## DIRECTIONS FOR THIS TASK
Give again, exactly and only, the lines running from the one with "Karl XIV Johan 2 Skilling Banco 1840" to the end of the material below; leave out pictures.

## INFORMATION SUPPLIED
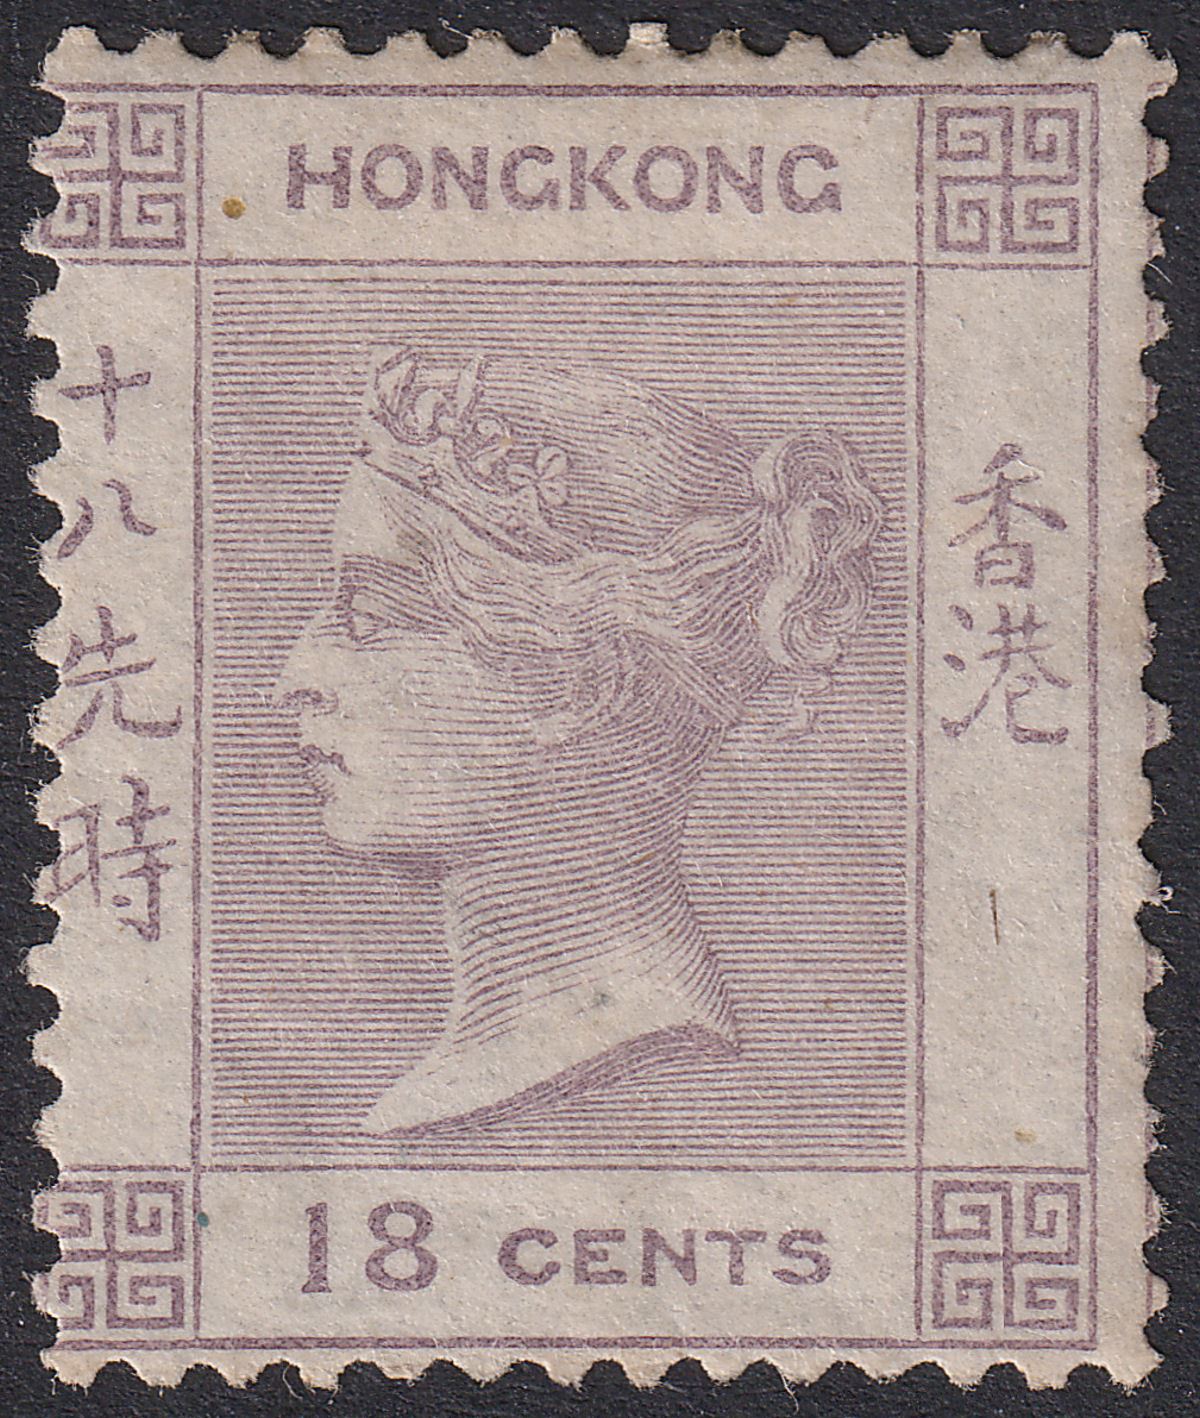 Hong Kong 1862 QV 18c Lilac Unused SG4 cat £650 as mint
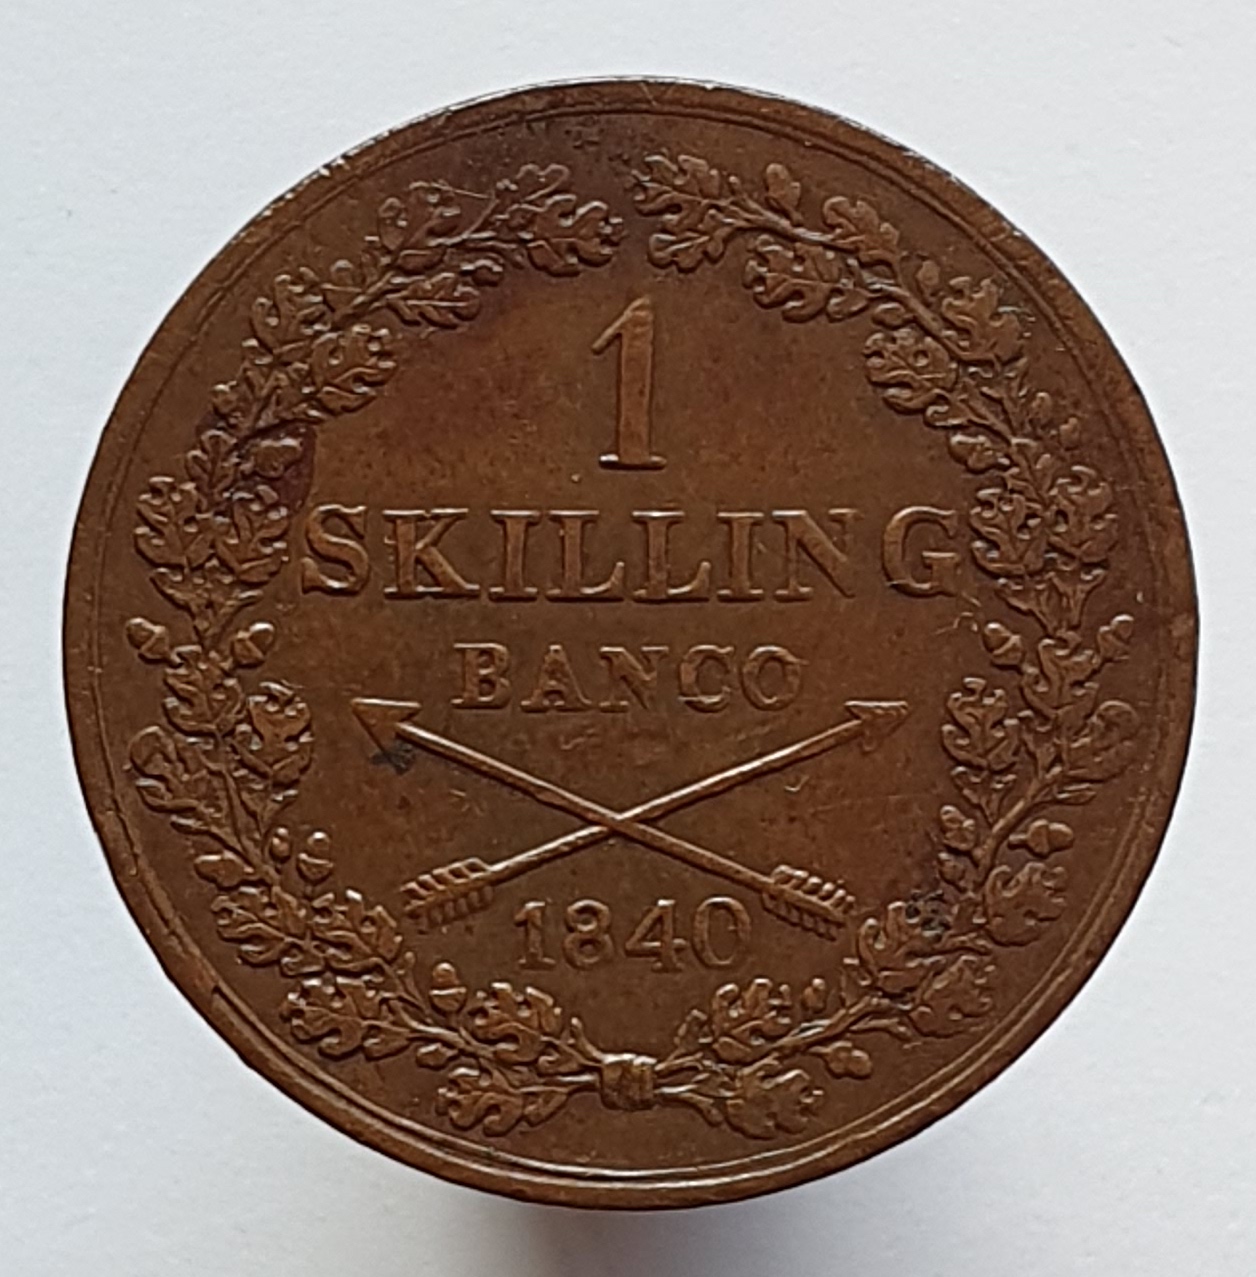 Karl XIV Johan 2 Skilling Banco 1840
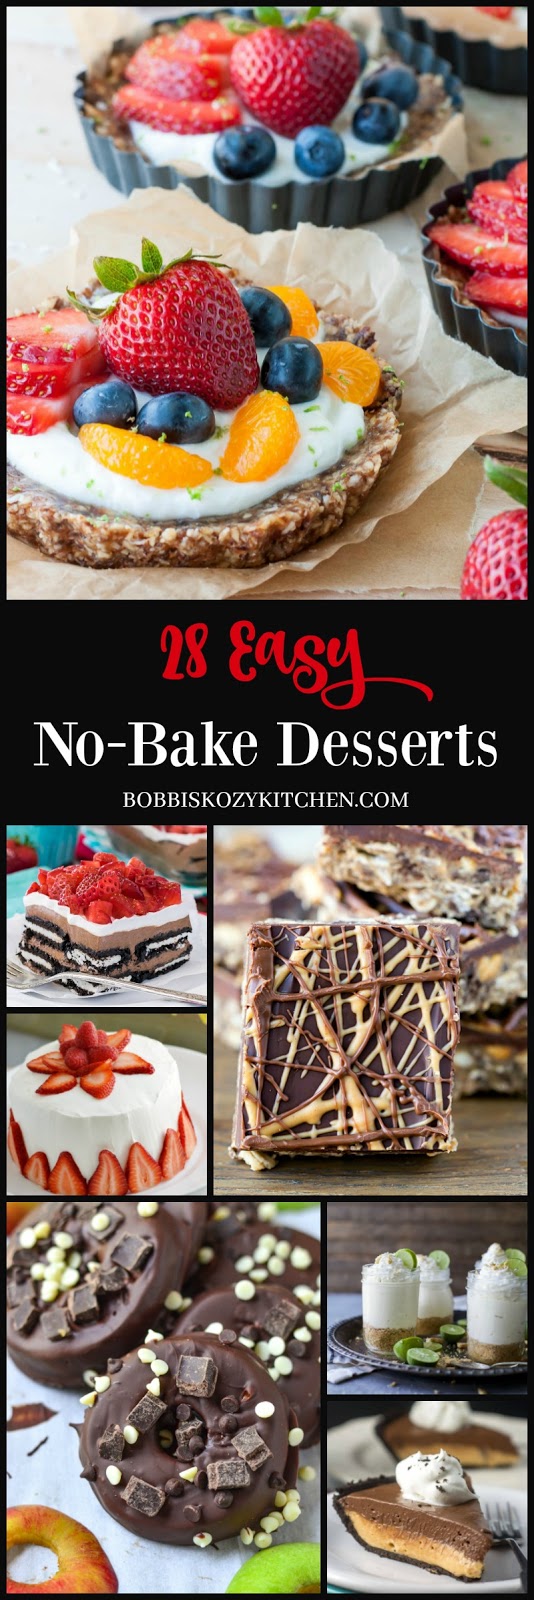 28 Ridiculously Easy No-Bake Desserts from www.bobbiskozykitchen.com
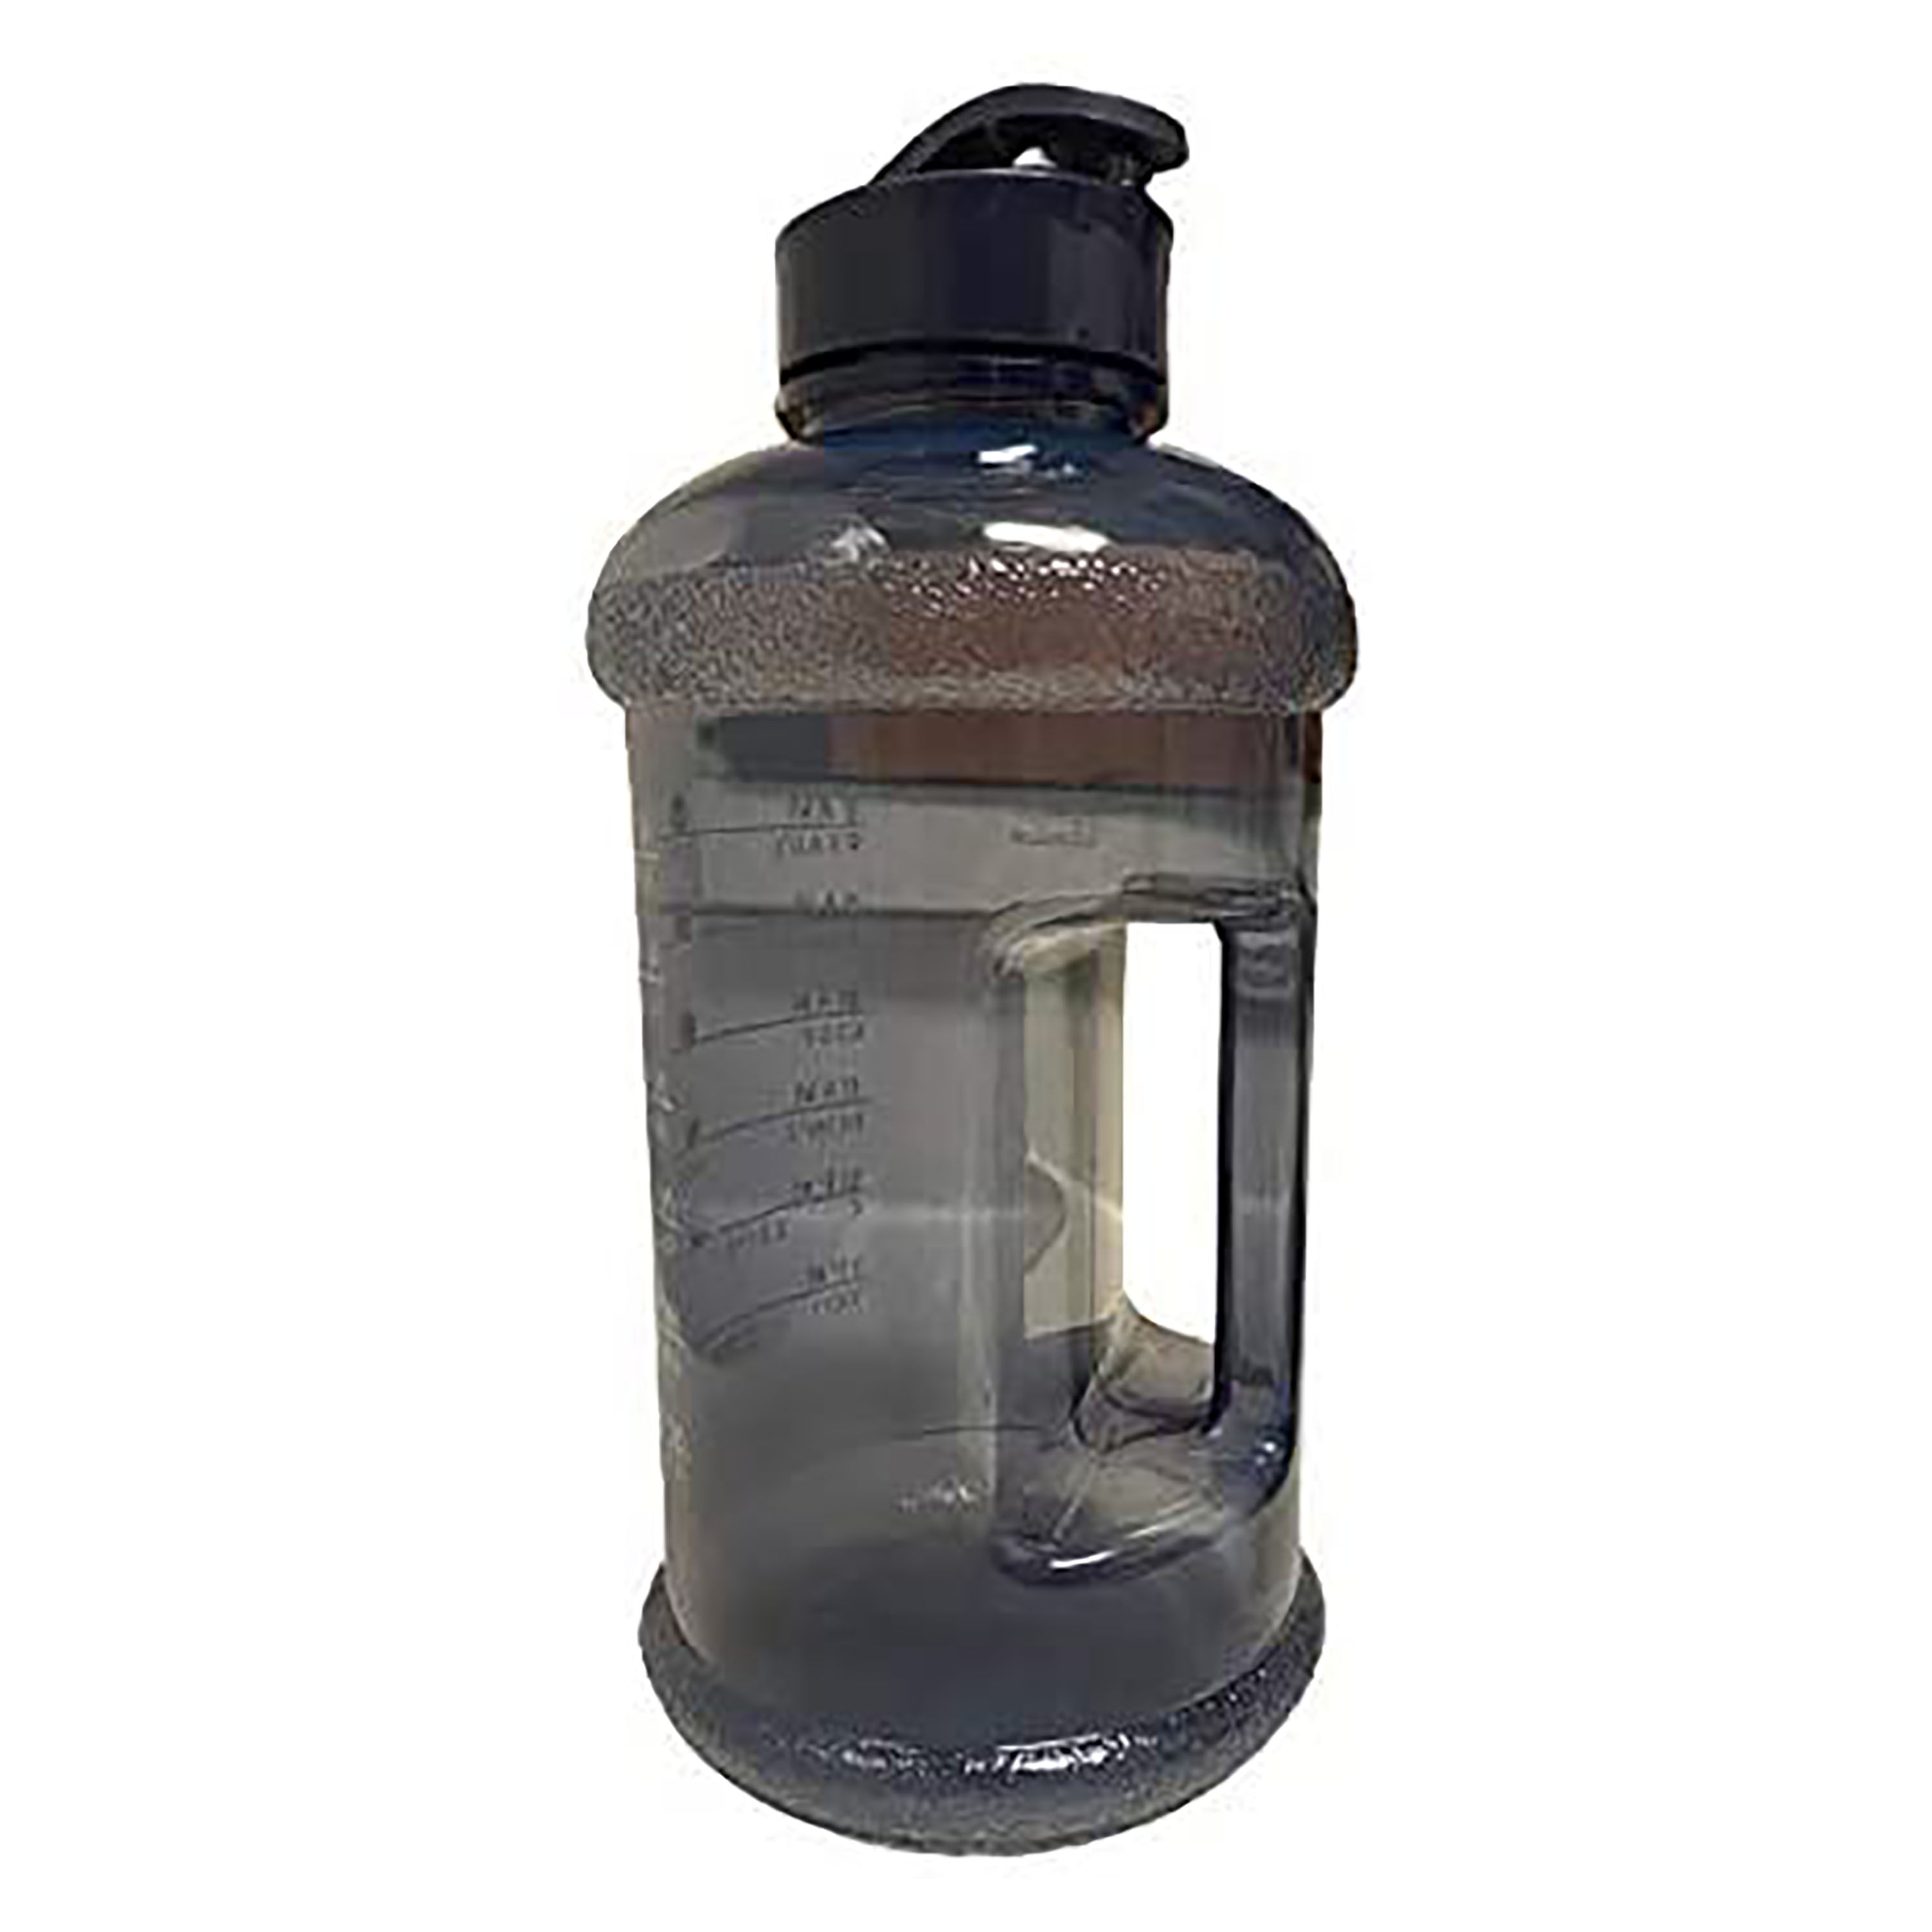 Botella para Agua 680ml – Waldo's

## RESPONSE TO THE TASK
 Karl XIV Johan 2 Skilling Banco 1840
 28 Ridiculously Easy No-Bake Desserts from www.bobbiskozykitchen.com
 Botella para Agua 680ml – Waldo's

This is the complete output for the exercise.